Friday, October 10, 2008

You borrowed my socks?!**

If you were only one inch tall, you'd ride a worm to school....The teardrop of a crying ant would be your swimming pool.....You'd surf across the kitchen sink upon a stick of gum....You couldn't hug your mama, you'd just have to hug her thumb.....You'd run from people's feet in fright, To move a pen would take all night.....(This poem took fourteen years to write--'Cause I'm just one inch tall).

The Boy Named Sue composer and lyrist’s original works were first published in Playboy magazine. So does this mean people do actually read that? And poetry none the less!


I recently went into an old boyfriend’s room. As I stood there with one hand in my pocket and the other hand not on the desk beside me, I noticed how spotless it was. Maybe nookless is more accurate. I was so hesitant to touch anything as if I would taint it, scratch it, or look at it in the wrong way. I didn’t see my reflection anywhere but I felt as though I should have. At second glance I would see the same thing as the first glance. No surprises hanging out on the corner of a coffee table, lingering under a magazine, or hiding terribly from being put inside a desk drawer. What you saw is what you got.

And what you got was nice. Nice high definition screen TV. Nice collection of movies waiting for a Tuesday night in as they were meticulously stacked beside a bed made with obvious effort and precision. The stripes in the curtains complemented the book covers to the complete works of The Strong Bow Sage: Viking Warriors very nicely.

It took something as silly as being in that room at that moment to make me realize I understand why our relationship didn’t work.

Where were the nicknacks and paddywacks…..Where were the whosies and whatsies……Where were the thingamabobbers and thingamagiggers….Where were the nooks and most of all….WHERE WERE ALL THE CRANNIES?!?!

I caught myself questioning whether it was okay to put my feet up on the coffee table. Then I caught myself questioning if it was okay to question whether it was okay to put my feet up on the coffee table.

Then I heard something. “Dear Mandy, Don’t make me conform! Sincerely, That Lump of Pants Lying At Your Feet.” It made me think of an old Fatboy Slim song: Maybe someday we'll patch it all up like a favorite pair of jeans that you won't give up.

As many times as I had listened to think song I had never associated it with him. I wasn’t dwelling on the thing of the past. I wasn’t questioning it or lamenting it. Our past relationship was something I’ve grown to call “what had been.” I always knew why we hadn’t lasted.
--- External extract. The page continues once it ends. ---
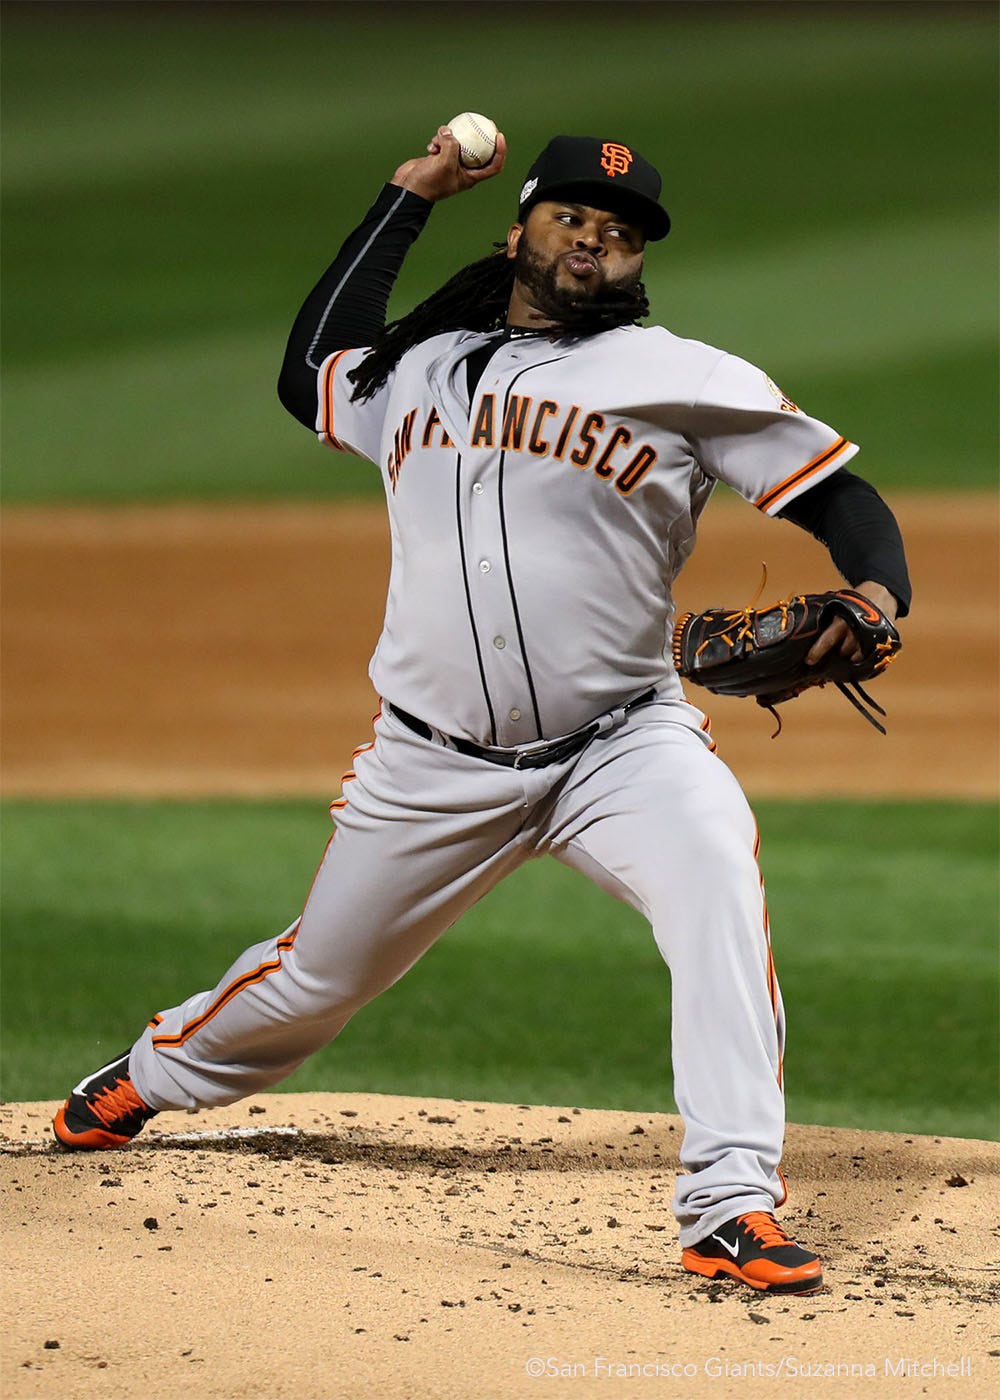 Johnny Cueto pitched eighth innings.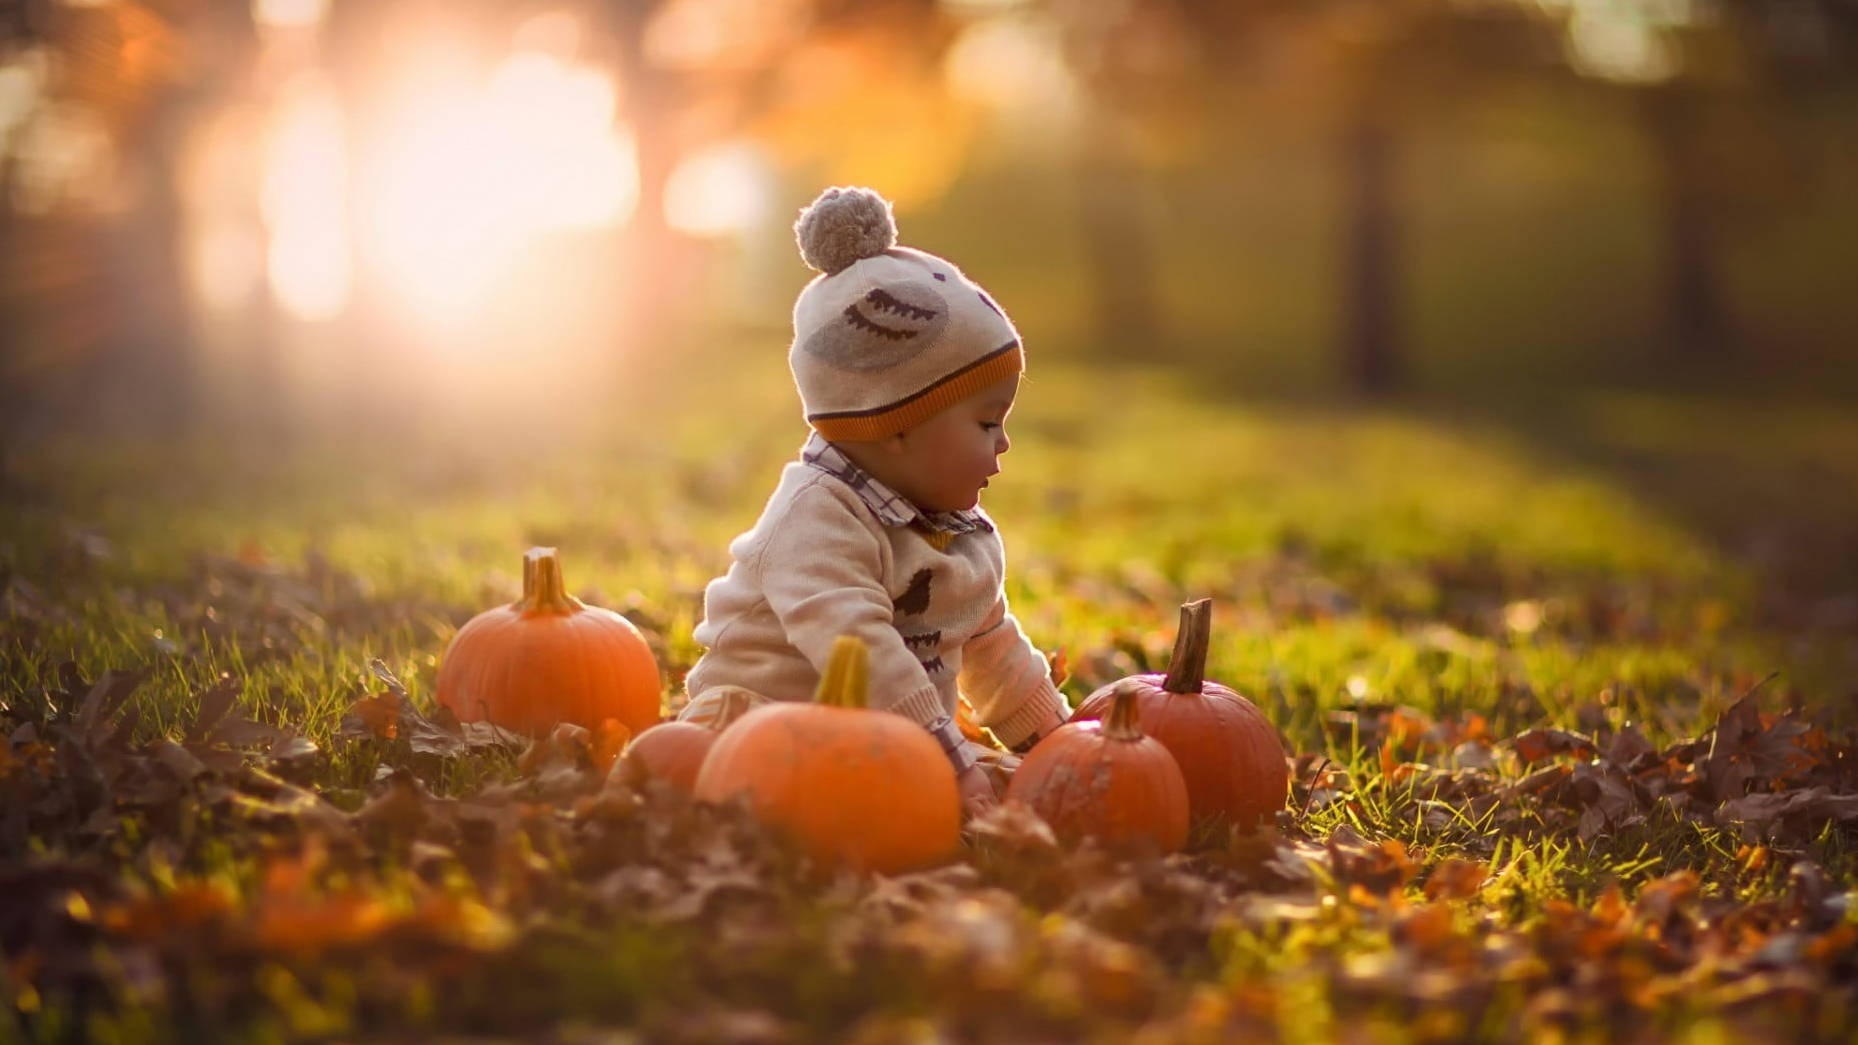 Cute Halloween Baby In Park Background

But now, standing amidst the emptiness, I understand the why.

There’s something to be said about someone’s bedroom. I’m not speaking in terms of neatness vs clutter or whether you make your bed or not- that’s a personal choice. To put in perspective, your bedroom is the least social room in your house. I can’t remember the last time my parents discussed their plans for trips to the panama with the family friends or neighbors in the bedroom. I would be disturbed if I could. Don’t you feel a deeper understanding of a friend once you’ve entered their bedroom? This is where they have spent time alone. This is where they go at night. This is the first thing they see when they start their day.

Lying around you find bits of your presence in the room, even if you’re not.

Is that what you look like when you're not there?


I want to go at night to a room where the tale of The Indian in the Cupboard seems like a possibility. The little toys could come to life and pop out of places they hide during the day…..Is that asking too much?

That way, you would fit in if you were one inch tall.

**the first phrase I heard when I started this.

I must really have a bundle of work to do and jumble of essays to write, hence the blog.....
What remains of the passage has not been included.